According to the letter, in 1974 Congress established scientific qualifications for the Director of the U.S.Fish and Wildlife Service, with statutory language requiring that, “[n]o individual may be appointed as the Director unless he is, by reason of scientific education and experience, knowledgeable in the principles of fisheries and wildlife management.”

The current USFWS Director, Martha Williams, was nominated as Director in October 2021. She had been serving as Principal Deputy Director of the Fish and Wildlife Service since January 20, 2021. The nomination was confirmed by the U.S. Senate in February 2022.

Prior to her appointment, Williams served as the Director of the Montana Department of Fish, Wildlife and Parks from 2017 to 2020. Previously, she was an Assistant Professor of Law at the Blewett School of Law at the University of Montana in Missoula, Montana where she co-directed the university’s Land Use and Natural Resources Clinic. Williams has a BA in philosophy from the University of Virginia and a law degree from the University of Montana.

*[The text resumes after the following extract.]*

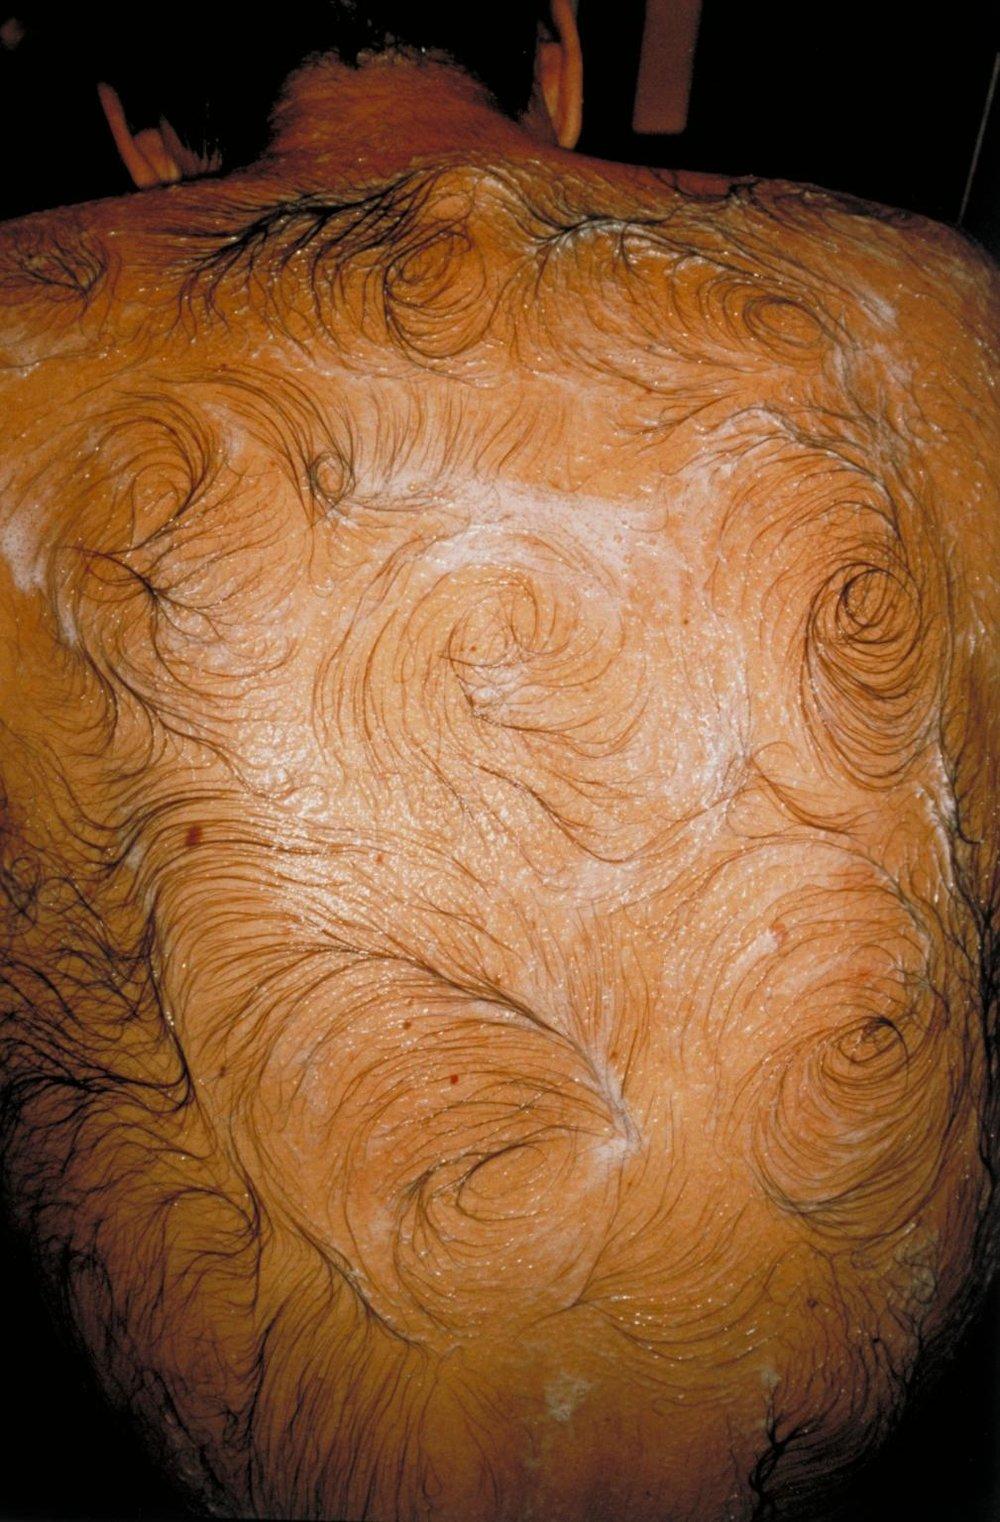 1995, Mona Hatoum, Van Gogh's Back.JPG

“Without specific academic training in the natural sciences, the Service Director lacks a sufficient scientific understanding of the natural world and its fundamental principles to consider all the biological and ecological factors that are important to ensure the scientific integrity of critical decisions affecting the fate of imperiled species and ecosystems,” say the letter.

The previous director, Aurelia Skipwith, who was confirmed for the post in 2019, also met with some resistance from some environmental groups, because her degree with in molecular biology and not a field more directly related to wildlife.